We will use the latter since we want to focus on the prediction aspect.
-- define the Loss function
lossFct = nnsparse.MaskCriterion(nn.MSECriterion(), {
alpha = 1,
beta = 0.5,
hideRatio = 0.25,
})
lossFct.inputDim = 6040 --require for sparse inputs
lossFct.sizeAverage = false
-- Create minibatch
local input, minibatch = {}, {}
--shuffle the indices of the inputs to create the minibatch
local shuffle = torch.randperm(inputSize)
shuffle:apply(function(k)
if train[k] then
input[#input+1] = train[k]
if #input == batchSize then
minibatch[#minibatch+1] = input
input = {}
end
end
end)
if #input > 0 then
minibatch[#minibatch+1] = input
end
-- Classic training
local w, dw = network:getParameters()
for _, input in pairs(minibatch) do
local function feval(x)
-- Reset gradients and losses
network:zeroGradParameters()
-- AutoEncoder targets
local target = input
-- Compute noisy input for Denoising autoencoders
local noisyInput = lossFct:prepareInput(input)
-- FORWARD
local output = network:forward(noisyInput)
local loss = lossFct:forward(output, target)
-- BACKWARD
local dloss = lossFct:backward(output, target)
local _ = network:backward(noisyInput, dloss)
-- Return loss and gradients
return loss/batchSize, dw:div(batchSize)
end
sgdConfiguration.evalCounter = t
optim.sgd (feval, w, sgdConfiguration )
end
Torch criterions do not handle sparse targets by default. Thus, it is necessary to wrap them into another criterion.
The nnsparse.SparseCriterion
takes a dense output and a sparse target as parameters.
It then computes the loss/dloss regarding the indices of the target.
-- Create minibatch
local noRatings = 0
local input, target, minibatch = {}, {}, {}
for k, _ in pairs(train) do
if test[k] ~= nil then --ignore when there is no target
input [#input +1] = train[k]
target[#target +1] = test[k]
noRatings = noRatings + test[k]:size(1)
if #input == batchSize then
minibatch[#minibatch+1] = {input = input, target = target}
input, target = {}, {}
end
end
end
if #input > 0 then
minibatch[#minibatch+1] = {input = input, target = target}
end
-- define the testing criterion
local criterion = nnsparse.SparseCriterion(nn.MSECriterion())
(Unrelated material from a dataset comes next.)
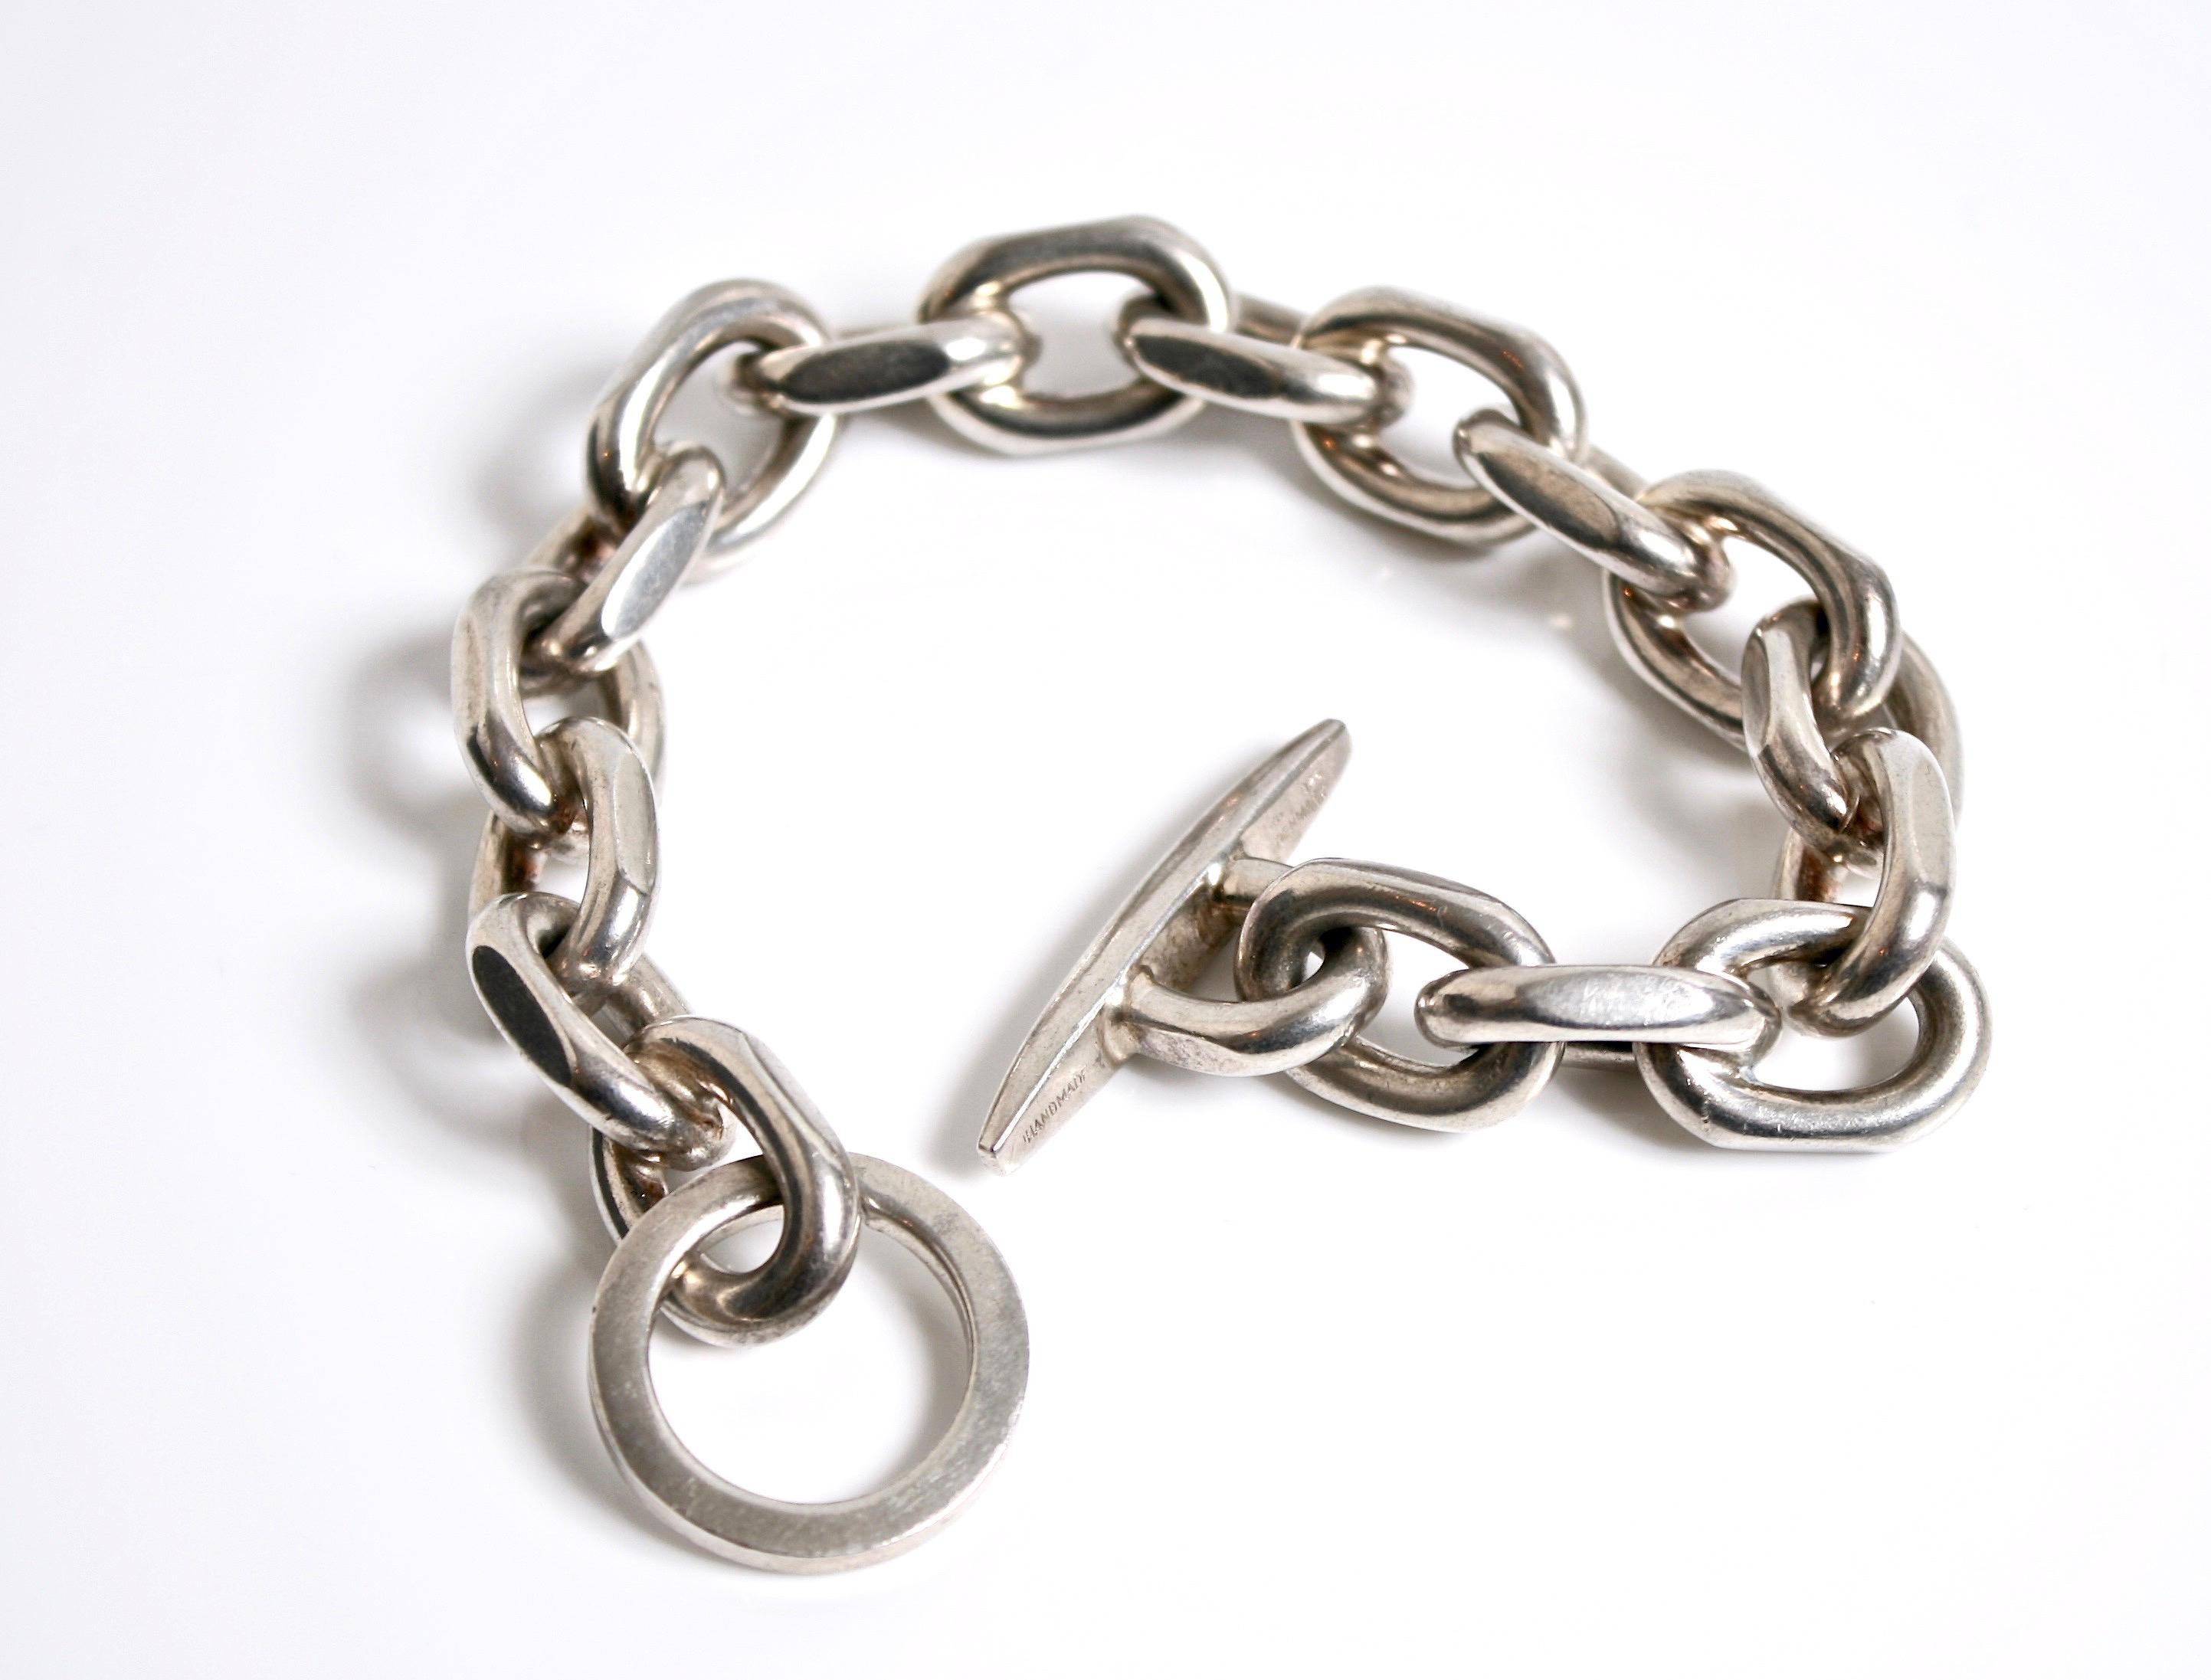 Heavy link sterling silver hand made chain bracelet designed by Randers Denmark c.1970 signed RS Denmark
Squared links with large O ring

criterion.sizeAverage = false
-- Compute the RMSE by predicting the testing dataset thanks to the training dataset
local err = 0
for _, oneBatch in pairs(minibatch) do
local output = network:forward(oneBatch.input)
err = err + criterion:forward(output, oneBatch.target)
end
err = err/noRatings
print("Current RMSE : " .. math.sqrt(err) * 2) -- The RMSE is rescaled
Here we are! The shallow autoencoder can be trained.
The full code can be found here.
A more advanced implementation can be found here.
For movieLens-1M, the network should be trained in a few minutes (~20 epoches). The final RMSE should be around 0.839 with the following hyperparameters. Deeper Networks can go up to a RMSE of 0.831.
local sgdConfiguration = {
learningRate = 0.07,
learningRateDecay = 0.9,
weightDecay = 0.05,
}
As a benchmark, Alternative Least Squares [3] is a widely used Collaborative algorithm. It has a final RMSE around 0.850 on movieLens-1M - cf Mahout + Script
Furthermore, the bigger is the dataset, the better will be the Autoencoder. The current state of the art results can be obtained with a shallow autoencoder for movieLens-10/20M.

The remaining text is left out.